Annu Int Conf IEEE Eng Med Biol Soc. 2022 Jul;2022:2084-2087. doi: 10.1109/EMBC48229.2022.9871135.
The number of studies in the medical field that uses machine learning and deep learning techniques has been increasing in the last years. However, these techniques require a huge amount of data that can be difficult and expensive to obtain. This specially happens with cardiac magnetic resonance (MR) images. One solution to the problem is raise the dataset size by generating synthetic data. Convolutional Variational Autoencoder (CVAe) is a deep learning technique which allows to generate synthetic images, but sometimes the synthetic images can be slightly blurred.
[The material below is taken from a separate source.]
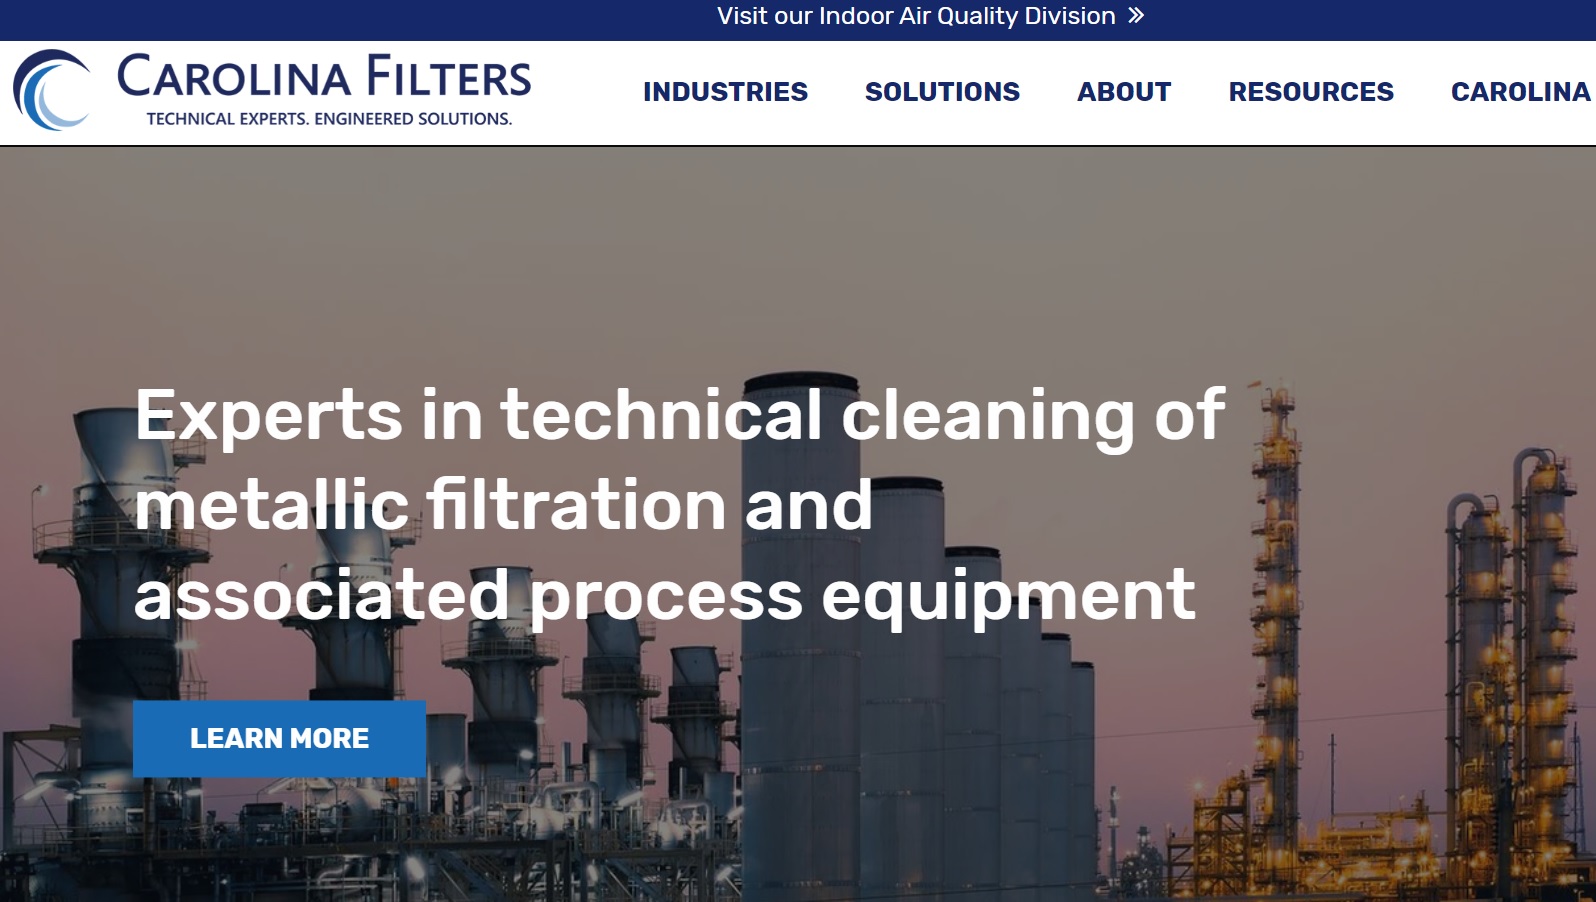 Carolina Filters, Inc.

We propose the combination of the CVAe technique combined with Style Transfer technique to generate synthetic realistic cardiac MR images. Clinical Relevance-The current work presents a tool to increase in a simple easy and fast way the cardiac magnetic resonance images dataset with which perform machine learning and deep learning studies.
近年来,医学领域中使用机器学习和深度学习技术的研究数量一直在增加。然而,这些技术需要大量的数据,这可能是困难和昂贵的。这在心脏磁共振(MR)图像中尤其如此。解决这个问题的一个方法是通过生成合成数据来增加数据集的大小。卷积变分自动编码器(CVAe)是一种深度学习技术,允许生成合成图像,但有时合成图像可能会有点模糊。我们提出将 CVAe 技术与风格转换技术相结合,生成逼真的合成心脏 MR 图像。临床相关性——目前的工作提供了一种工具,可以简单、轻松、快速地增加心脏磁共振图像数据集,从而进行机器学习和深度学习研究。